3. Brief biographies of the attendees:
John Githongo – CEO of Inuka Kenya Trust fka Zinduko Trust: John Githongo was nominated for the prestigious Tipperary International Peace Award, alongside U.S. Secretary of State Hillary Clinton in 2012. He was nominated for the role he played in unearthing the $600 million Anglo-Leasing scandal during his tenure as the Kenya Government and Ethics Permanent Secretary from 2003 to 2005.
Silas Kpanan’Ayoung Siakor – Director of the Sustainable Development Institute: Liberian environmentalist and winner of the 2006 Goldman Environmental Prize, for his revealing of illegal logging in Liberia and its connection to the civil war which led to export sanctions from the United Nations Security Council.

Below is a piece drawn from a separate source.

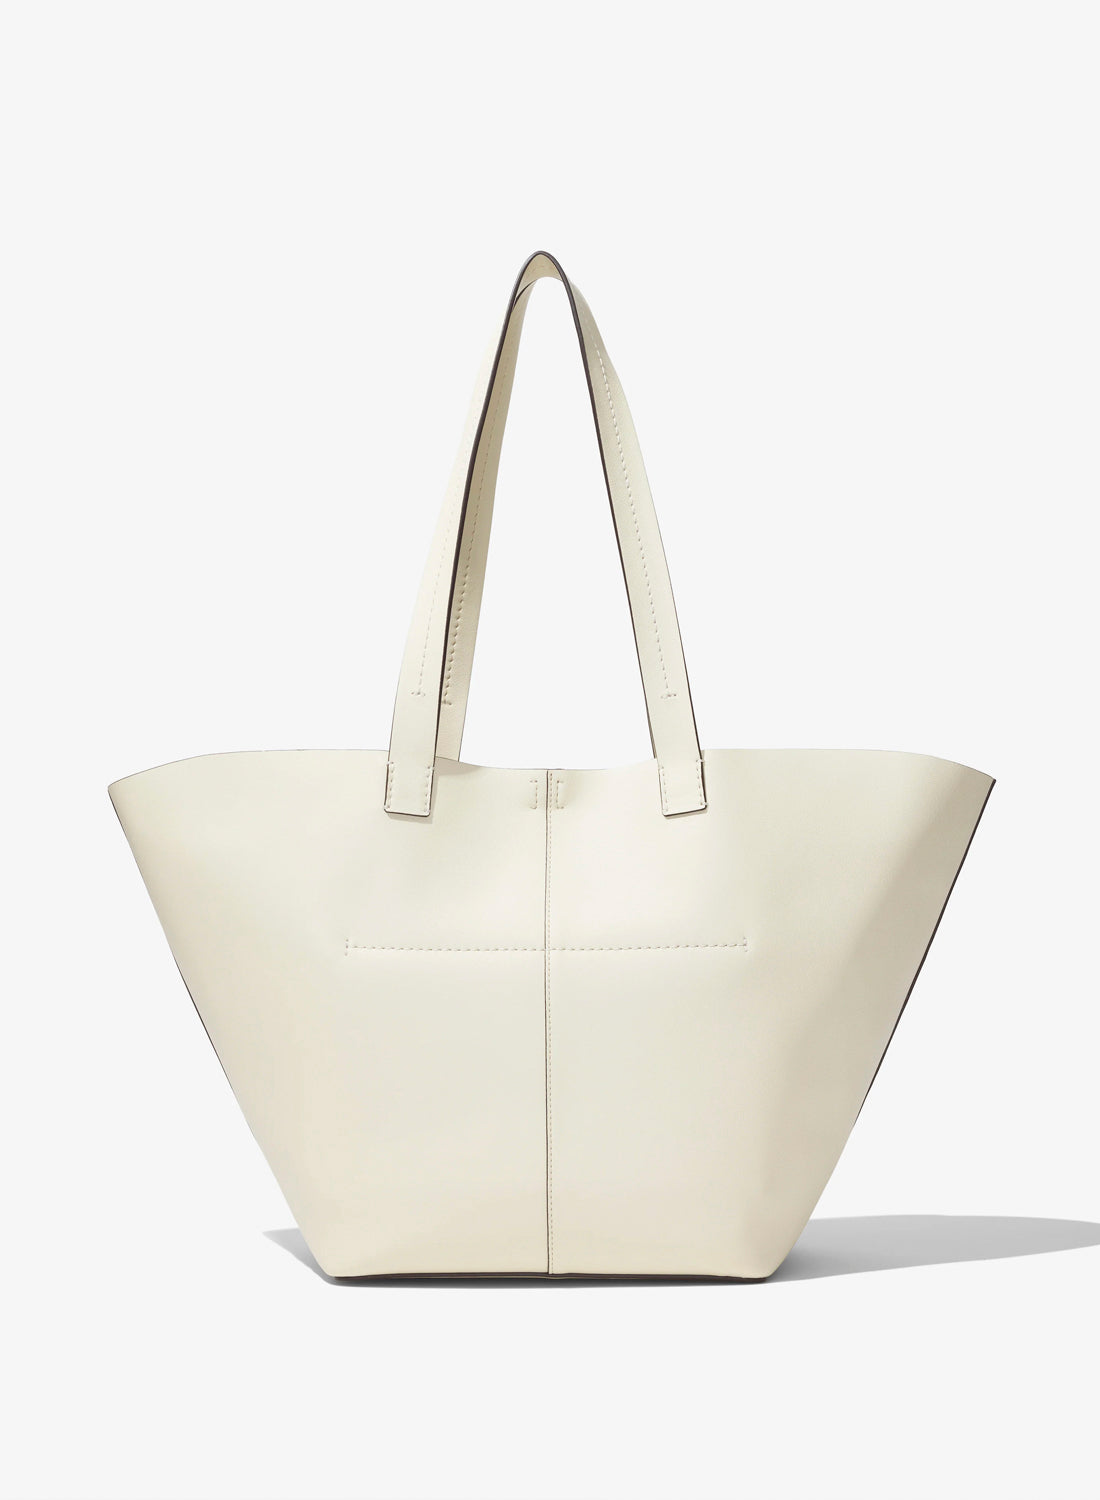 Proenza Schouler White Label Large Bedford Tote in Leather Off White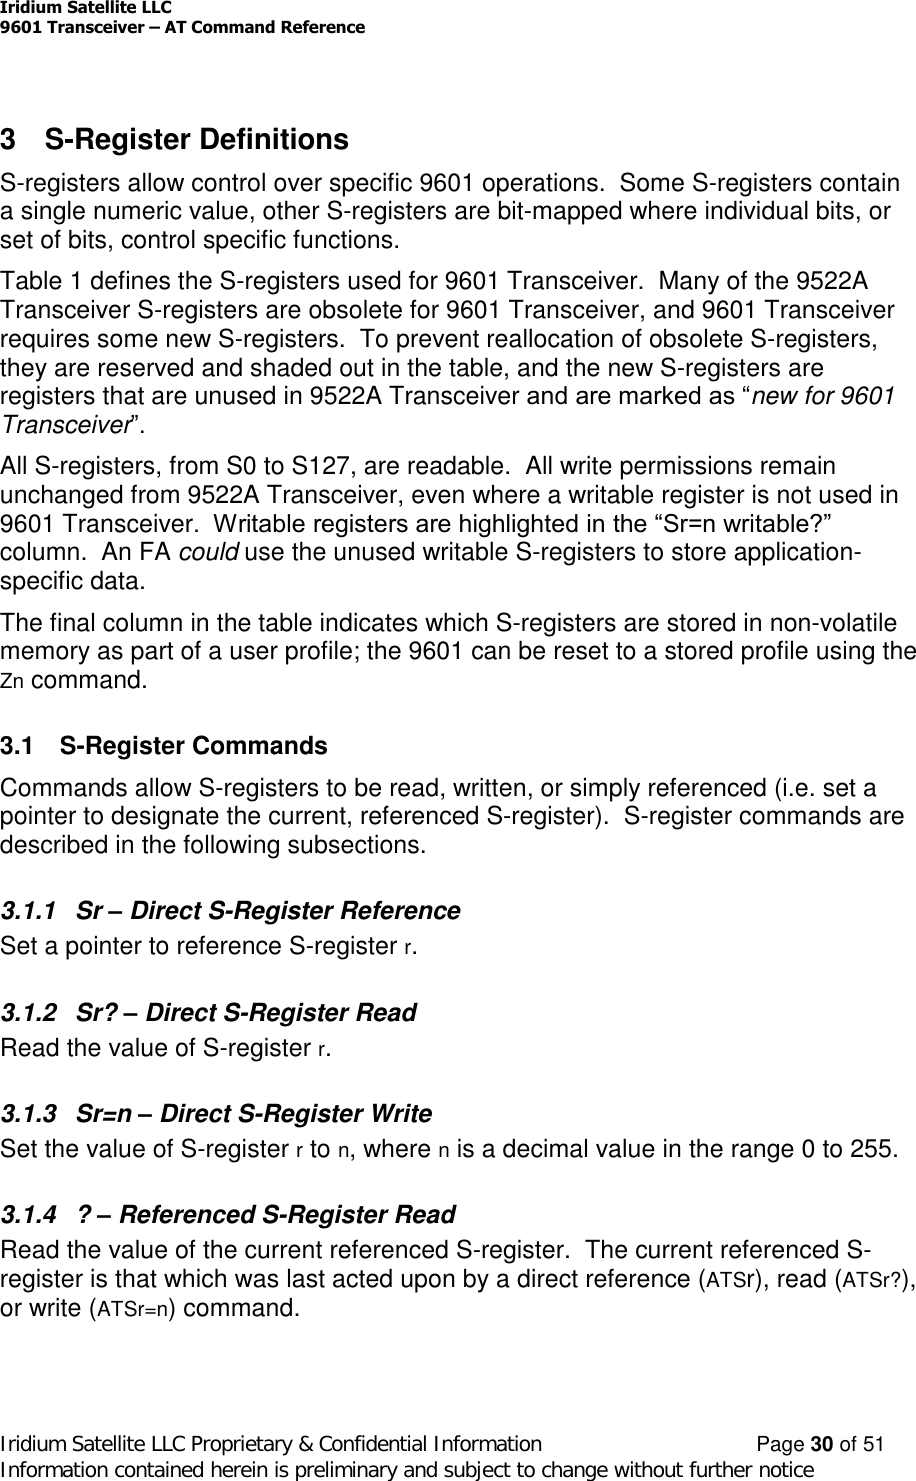 Iridium Satellite LLC9601 Transceiver –AT Command ReferenceIridium Satellite LLC Proprietary &amp; Confidential Information Page 30 of 51Information contained herein is preliminary and subject to change without further notice3 S-Register DefinitionsS-registers allow control over specific 9601 operations. Some S-registers containa single numeric value, other S-registers are bit-mapped where individual bits, orset of bits, control specific functions.Table 1 defines the S-registers used for 9601 Transceiver. Many of the 9522ATransceiver S-registers are obsolete for 9601 Transceiver, and 9601 Transceiverrequires some new S-registers. To prevent reallocation of obsolete S-registers,they are reserved and shaded out in the table, and the new S-registers areregisters that are unused in 9522A Transceiver and are marked as “new for 9601Transceiver”.All S-registers, from S0 to S127, are readable. All write permissions remainunchanged from 9522A Transceiver, even where a writable register is not used in9601 Transceiver.  Writable registers are highlighted in the “Sr=n writable?” column. An FA could use the unused writable S-registers to store application-specific data.The final column in the table indicates which S-registers are stored in non-volatilememory as part of a user profile; the 9601 can be reset to a stored profile using theZn command.3.1 S-Register CommandsCommands allow S-registers to be read, written, or simply referenced (i.e. set apointer to designate the current, referenced S-register). S-register commands aredescribed in the following subsections.3.1.1 Sr –Direct S-Register ReferenceSet a pointer to reference S-register r.3.1.2 Sr? –Direct S-Register ReadRead the value of S-register r.3.1.3 Sr=n –Direct S-Register WriteSet the value of S-register rto n, where nis a decimal value in the range 0 to 255.3.1.4 ? –Referenced S-Register ReadRead the value of the current referenced S-register. The current referenced S-register is that which was last acted upon by a direct reference (ATSr), read (ATSr?),or write (ATSr=n) command.

Juliana Rotich – Co-Founder and Executive Director of Ushahidi Inc: Co-Founder of Ushahidi, a web based reporting system that utilizes crowdsourced data to formulate visual map information of a crisis on a real-time basis. She was named one of the Top 100 women by the Guardian newspaper and top 2 women in Technology 2011, and Social Entrepreneur of the year 2011 by The World Economic Forum.
Aruna Roy – Political and Social Activist: Founder of the Indian Mazdoor Kisan Shakti Sangathan (MKSS, the “Workers and Peasants Strength Union”) and the National Campaign for Peoples Right to Information (NCPRI) which led to the enactment of the Right to Information Act in 2005. Emerged among Time Magazine’s 100 most influential people in the world in 2011.
Rakesh R. Rajani – Founder & Head of Twaweza: Rajani has co-founded and served as the first executive director of two other organizations in Tanzania—HakiElimu, the country’s leading education advocacy organization and the Kuleana Center for Children’s Rights. He has also served as a consultant on international development for the Hewlett Foundation, Google.org, the Bill & Melinda Gates Foundation, the Ford Foundation’s Office for East Africa, and UNICEF, among others.
Tawakkol Karman – Nobel Peace Prize Laureate, President of Women Journalists Without Chains: Winner of the Nobel Peace Prize in 2011 in recognition of her work in nonviolent struggle for the safety of women and for women’s rights to full participation in peace-building work in Yemen. Upon being awarded the prize, Tawakkol became the first Yemeni, the first Arab woman, and the second Muslim woman to win a Nobel Peace Prize, as well as the youngest Nobel Peace Laureate to date, at the age of 32.